The Jackson Transit System (known as JTRAN) operates fixed-route and an ADA paratransit demand response service throughout the City of Jackson, Mississippi, United States. The base fare is $1.50, $1 for students with school ID; $0.75 for kids 6–14; and $0.50 for seniors at least 60, disabled or Medicare. There is a 3-children limit to kids below 6 who ride for free when accompanied by a fare-paying rider.

History

From October 1, 2015, until December 31, 2018, the services were operated under a contractual arrangement by National Express Transit.
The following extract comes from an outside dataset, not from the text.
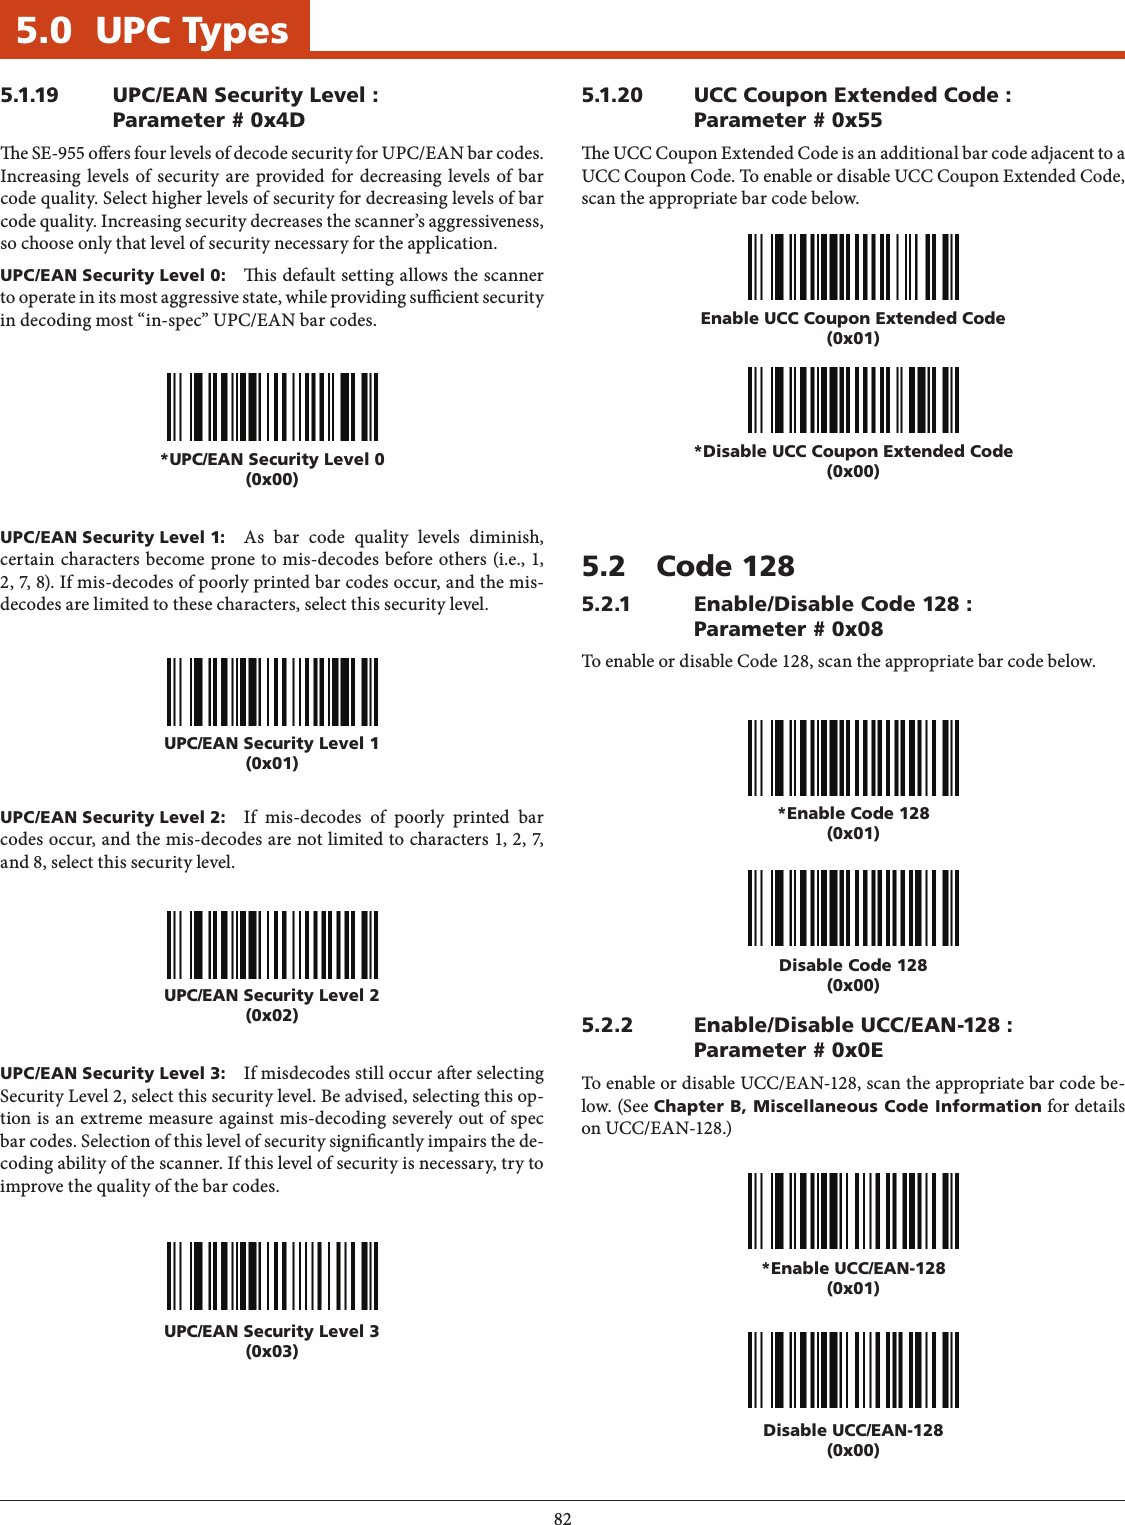 825.0  UPC Types5.1.19  UPC/EAN Security Level : Parameter # 0x4De SE-955 oers four levels of decode security for UPC/EAN bar codes. Increasing levels of security are provided for decreasing levels of bar code quality. Select higher levels of security for decreasing levels of bar code quality. Increasing security decreases the scanner’s aggressiveness, so choose only that level of security necessary for the application.UPC/EAN Security Level 0:  is default setting allows the scanner to operate in its most aggressive state, while providing sucient security in decoding most “in-spec” UPC/EAN bar codes.*UPC/EAN Security Level 0(0x00)UPC/EAN Security Level 1(0x01)UPC/EAN Security Level 2(0x02)UPC/EAN Security Level 3(0x03)UPC/EAN Security Level 1:  As bar code quality levels diminish, certain characters become prone to mis-decodes before others (i.e., 1, 2, 7, 8). If mis-decodes of poorly printed bar codes occur, and the mis-decodes are limited to these characters, select this security level.UPC/EAN Security Level 2:  If mis-decodes of poorly printed bar codes occur, and the mis-decodes are not limited to characters 1, 2, 7, and 8, select this security level.UPC/EAN Security Level 3:  If misdecodes still occur aer selecting Security Level 2, select this security level. Be advised, selecting this op-tion is an extreme measure against mis-decoding severely out of spec bar codes. Selection of this level of security signicantly impairs the de-coding ability of the scanner. If this level of security is necessary, try to improve the quality of the bar codes.5.1.20  UCC Coupon Extended Code : Parameter # 0x55e UCC Coupon Extended Code is an additional bar code adjacent to a UCC Coupon Code. To enable or disable UCC Coupon Extended Code, scan the appropriate bar code below.Enable UCC Coupon Extended Code(0x01)*Disable UCC Coupon Extended Code(0x00)5.2  Code 1285.2.1  Enable/Disable Code 128 : Parameter # 0x08To enable or disable Code 128, scan the appropriate bar code below.5.2.2  Enable/Disable UCC/EAN-128 : Parameter # 0x0ETo enable or disable UCC/EAN-128, scan the appropriate bar code be-low. (See Chapter B, Miscellaneous Code Information for details on UCC/EAN-128.)*Enable Code 128(0x01)*Enable UCC/EAN-128(0x01)Disable Code 128(0x00)Disable UCC/EAN-128(0x00)

Beginning January 1, 2019, the operator has been Transdev. The service is managed by the city's Transit Services Division in the Office of City Planning, Department of Planning and Development.

Services
JTRAN operates Monday-Friday from 05:45 to approximately 19:45. Route 1 buses come by bus stops every 30 minutes. All other buses come by bus stops once every 60 minutes. Saturday service is available from 06:45 to 19:15 with buses coming by bus stops every 60 minutes. There is no service on Sundays or major holidays at this time.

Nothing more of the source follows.